Costa Antonio Carlos, Vergassola Massimo
Laboratoire de Physique de l'Ecole normale supérieure, ENS, Université PSL, CNRS, Sorbonne Université, Université de Paris, F-75005 Paris, France.
bioRxiv. 2023 Oct 23:2023.01.03.522580. doi: 10.1101/2023.01.03.522580.
Animal behavior is shaped by a myriad of mechanisms acting on a wide range of scales. This immense variability hampers quantitative reasoning and renders the identification of universal principles elusive. Through data analysis and theory, we here show that slow non-ergodic drives generally give rise to heavy-tailed statistics in behaving animals. We leverage high-resolution recordings of locomotion to extract a self-consistent reduced order model for an inferred reaction coordinate, bridging from sub-second chaotic dynamics to long-lived stochastic transitions among metastable states.

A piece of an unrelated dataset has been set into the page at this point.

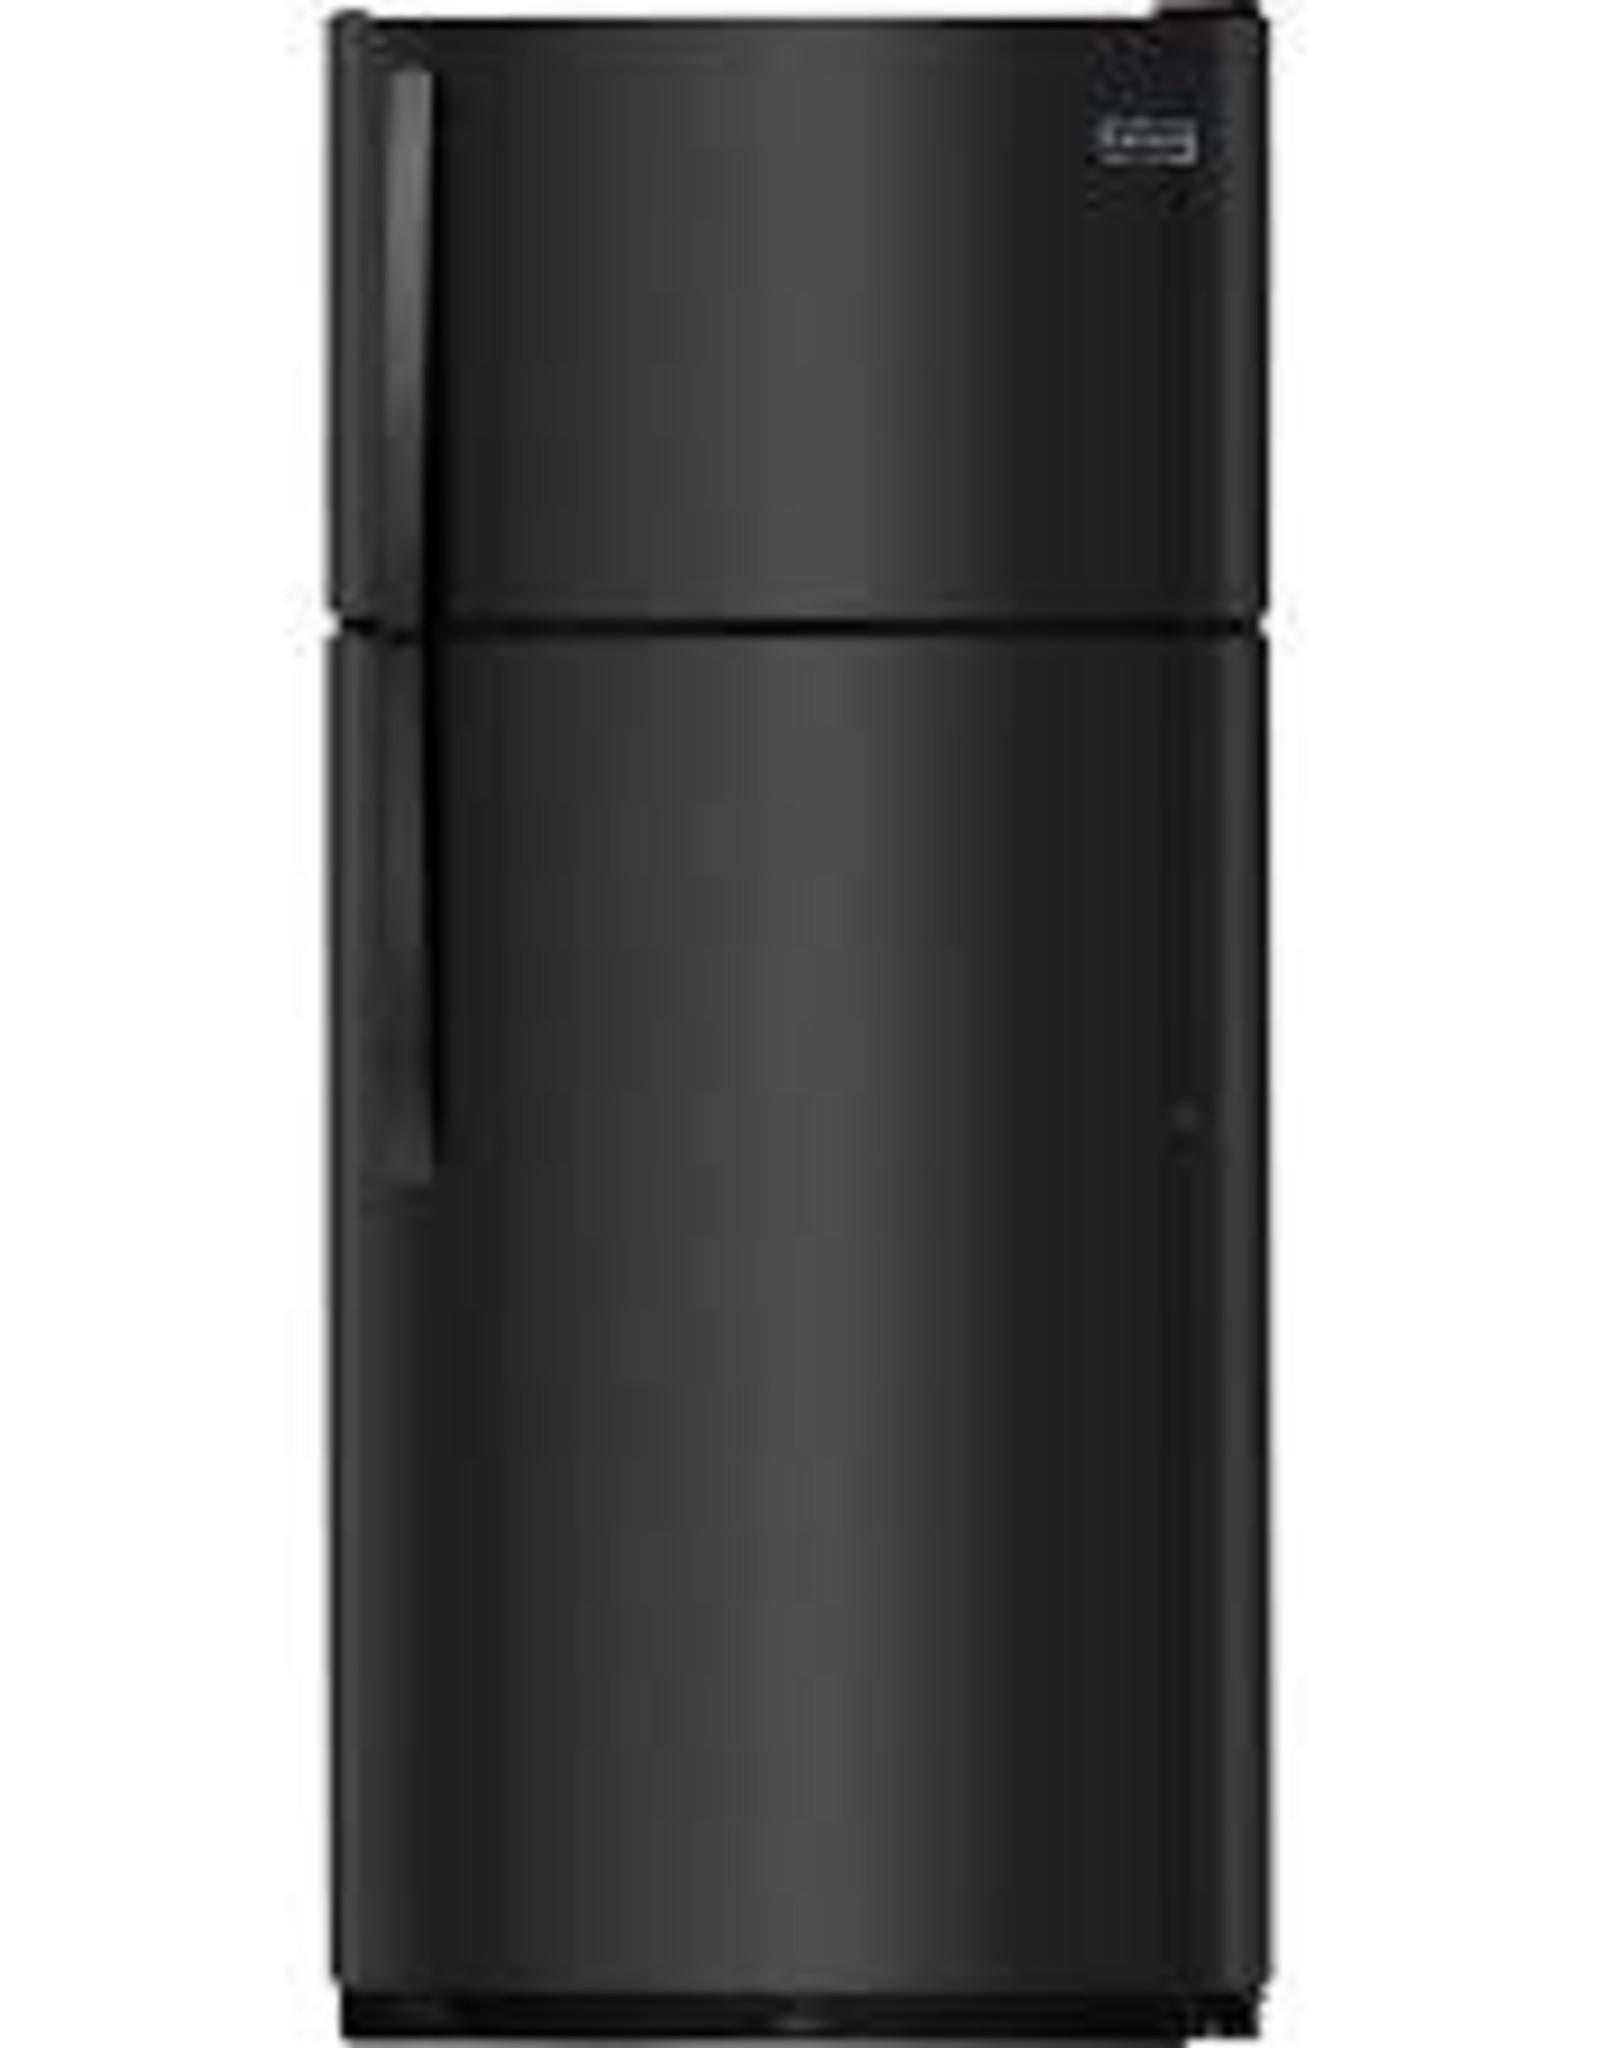 CLS 18CFT Crosley Refrigerator Black

The slow mode dynamics exhibits heavy-tailed first passage time distributions and correlation functions, and we show that such heavy tails can be explained by dynamics on a time-dependent potential landscape. Inspired by these results, we introduce a generic model in which we separate faster mixing modes that evolve on a quasi-stationary potential, from slower non-ergodic modes that drive the potential landscape, and reflect slowly varying internal states. We show that, even for simple potential landscapes, heavy tails emerge when barrier heights fluctuate slowly and strongly enough. In particular, the distribution of first passage times and the correlation function can asymptote to a power law, with related exponents that depend on the strength and nature of the fluctuations. We support our theoretical findings through direct numerical simulations.
动物行为是由作用于广泛尺度的无数机制塑造的。这种巨大的变异性阻碍了定量推理,使得普遍原则的识别变得难以捉摸。通过数据分析和理论,我们在此表明,缓慢的非遍历驱动通常会在行为动物中产生重尾统计。我们利用高分辨率的运动记录来提取一个关于推断反应坐标的自洽降阶模型,从亚秒级的混沌动力学过渡到亚稳态之间的长寿命随机转变。慢模式动力学表现出重尾的首次通过时间分布和相关函数,并且我们表明这种重尾可以由时间依赖势景观上的动力学来解释。受这些结果的启发,我们引入了一个通用模型,在该模型中,我们将在准静态势上演化的较快混合模式与驱动势景观并反映缓慢变化内部状态的较慢非遍历模式分开。我们表明,即使对于简单的势景观,当势垒高度足够缓慢且强烈地波动时,也会出现重尾。特别是,首次通过时间的分布和相关函数可以渐近于幂律分布,相关指数取决于波动的强度和性质。我们通过直接数值模拟来支持我们的理论发现。